Keempat, tata letak rumah/bangunan hendaknya diatur sedemikian rupa supaya menjalarnya api tidak terlalu cepat. Selama ini penduduk suka sekali menghabiskan sisa tanahnya membangun rumah, sampai berdempet tanpa celah. Selain merusak pemandangan, menyulitkan membuang sampah, cara ini menyulitkan mengatasi api saat kebakaran. Jalan dan gang hendaknya diperlebar, supaya akses masuk mobil pemadam cepat dan mudah. Kesulitan masuk, dalam hitungan menit saja, risiko kebakaran sudah sangat besar. Adanya jalan besar sangat membantu percepatan mobilitas BPK. Seperti adanya jalan baru tembus Gatot Subroto Lingkar Dalam Selatan, walau baru dibangun sudah fungsional. Saat kebakaran di Pemurus Baru BPK Hippindo dll yang besar dapat masuk cepat. Ini tentu sangat membantu.
Kelima, Perda Kebakaran, sebagaimana usul Sekjen Depsos RI, perlu segera dibuat di masing-masing daerah.
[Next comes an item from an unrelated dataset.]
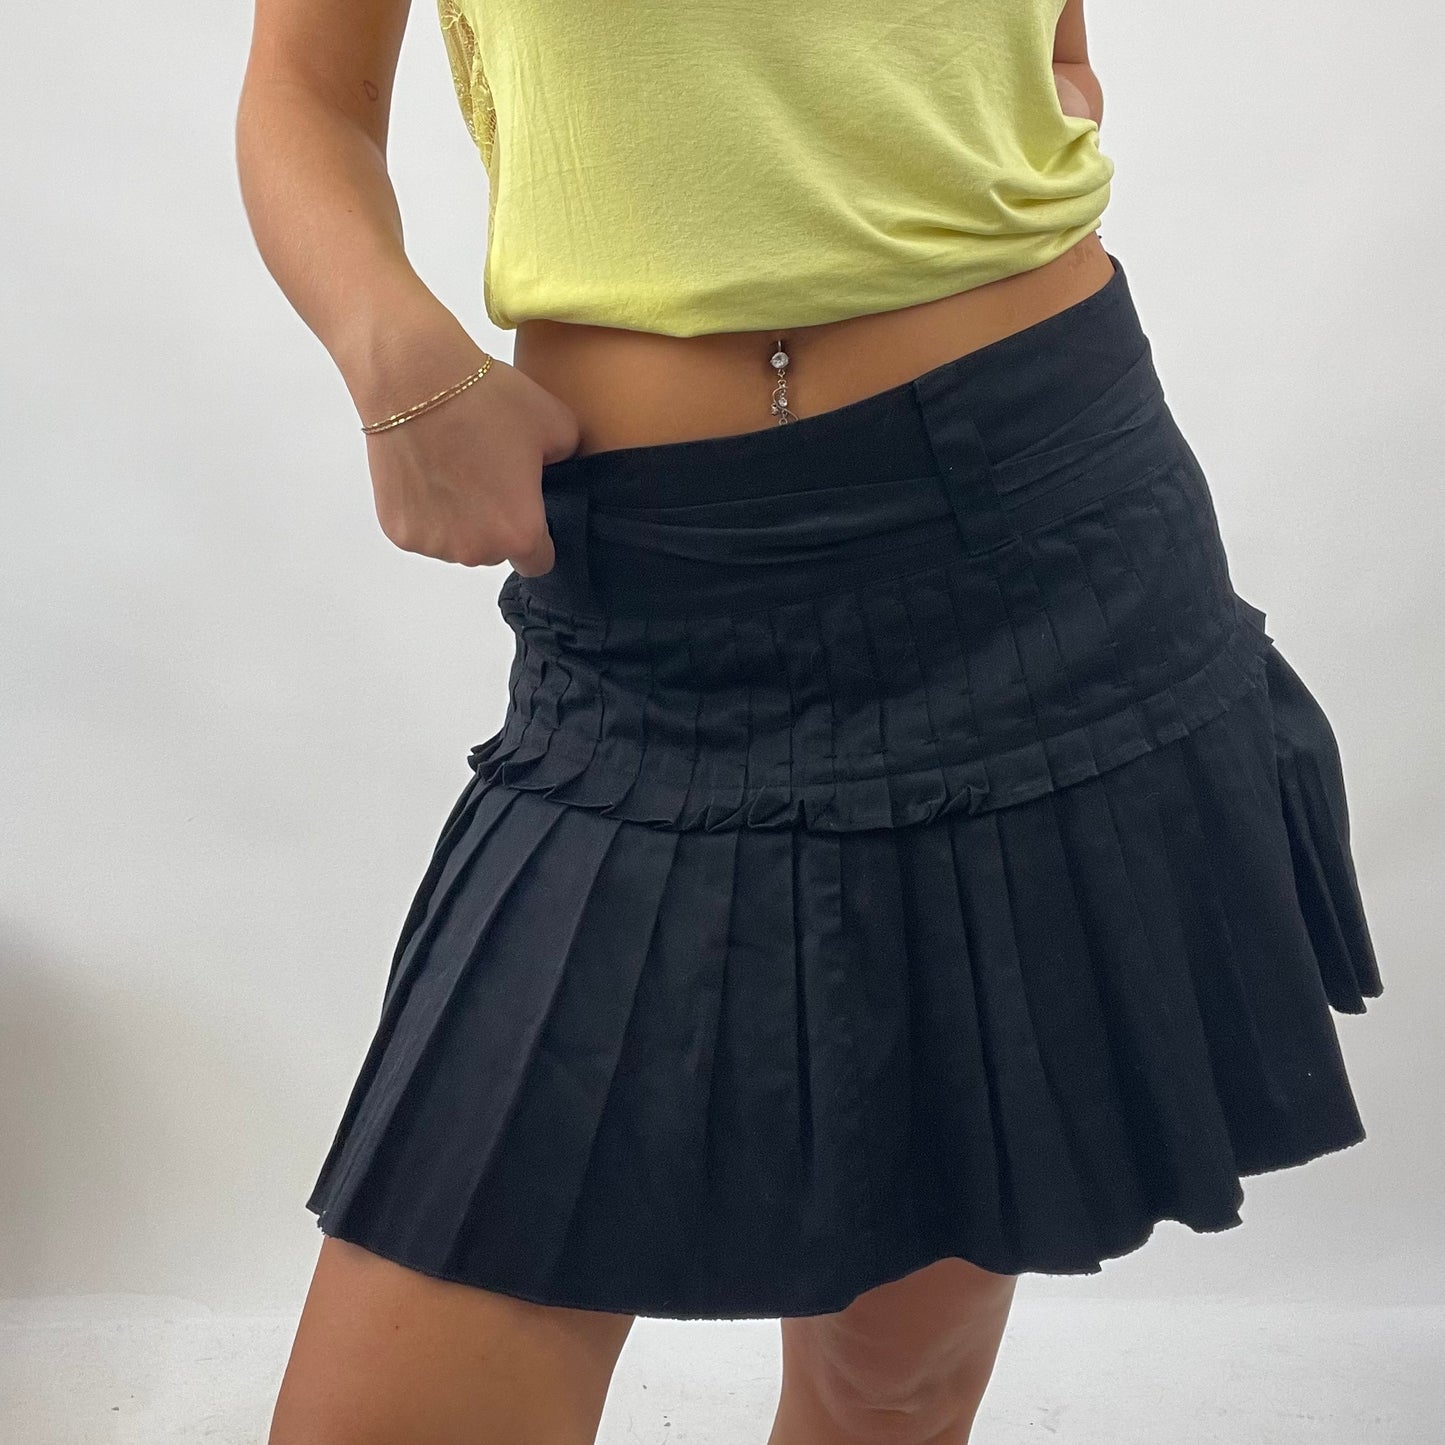 VINTAGE GEMS DROP | small black pleated tie back skirt
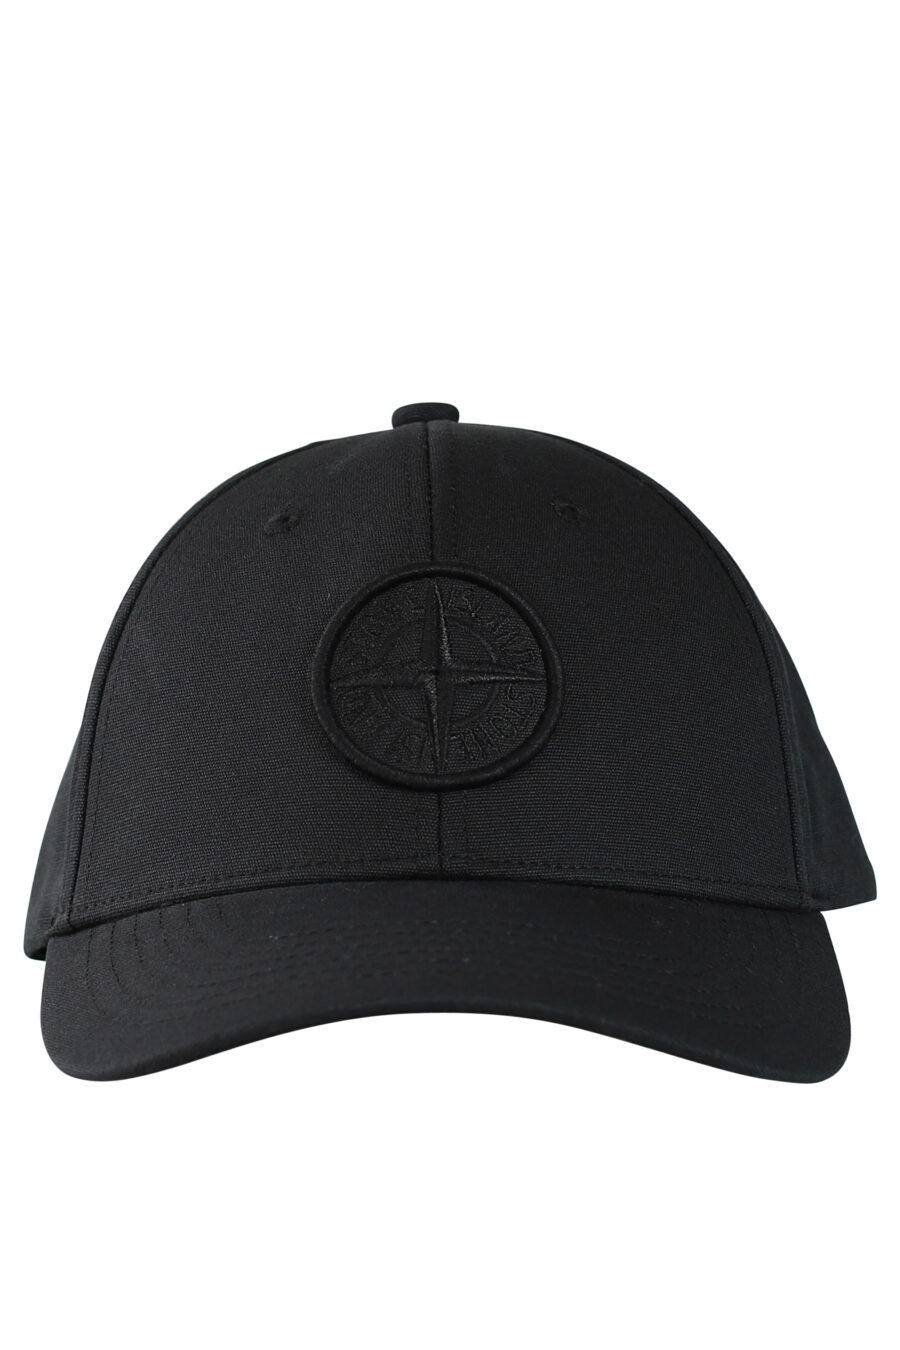 Schwarze Kappe mit kreisförmigem Logo - Fotos 531

Sehingga dapat diantisipasi bahaya kebakaran, dan anggota masyarakat yang lalai atau melakukan pelanggaran dikenakan sanksi, baik penjara atau denda. Kebakaran tidak sekadar musibah, tetapi harus ada upaya antisipasi, prevensi dan kurasi yang tegas. Aturan hukum penting disosialisasikan segera agar tidak ada yang bermain-main atau menganggap remeh bahaya api.
Akhirnya semoga korban kebakaran selama ini tetap sabar tabah dan tawakkal untuk bangkit kembali. Semoga pemerintah, kalangan swasta, dermawan dan masyarakat meningkatkan bantuannya sehingga korban dapat memilihkan kerugiannya. Kalau bisa bantuan tidak saja pengadaan bangunan tempat tinggal, juga modal usaha tanpa bunga. Sungguh beruntung pihak yang mau membantu korban kesusahan. Allah menolong hambanya di dunia dan akhirat siapa saja yang ringan tangan memberi pertolongan antarsesama.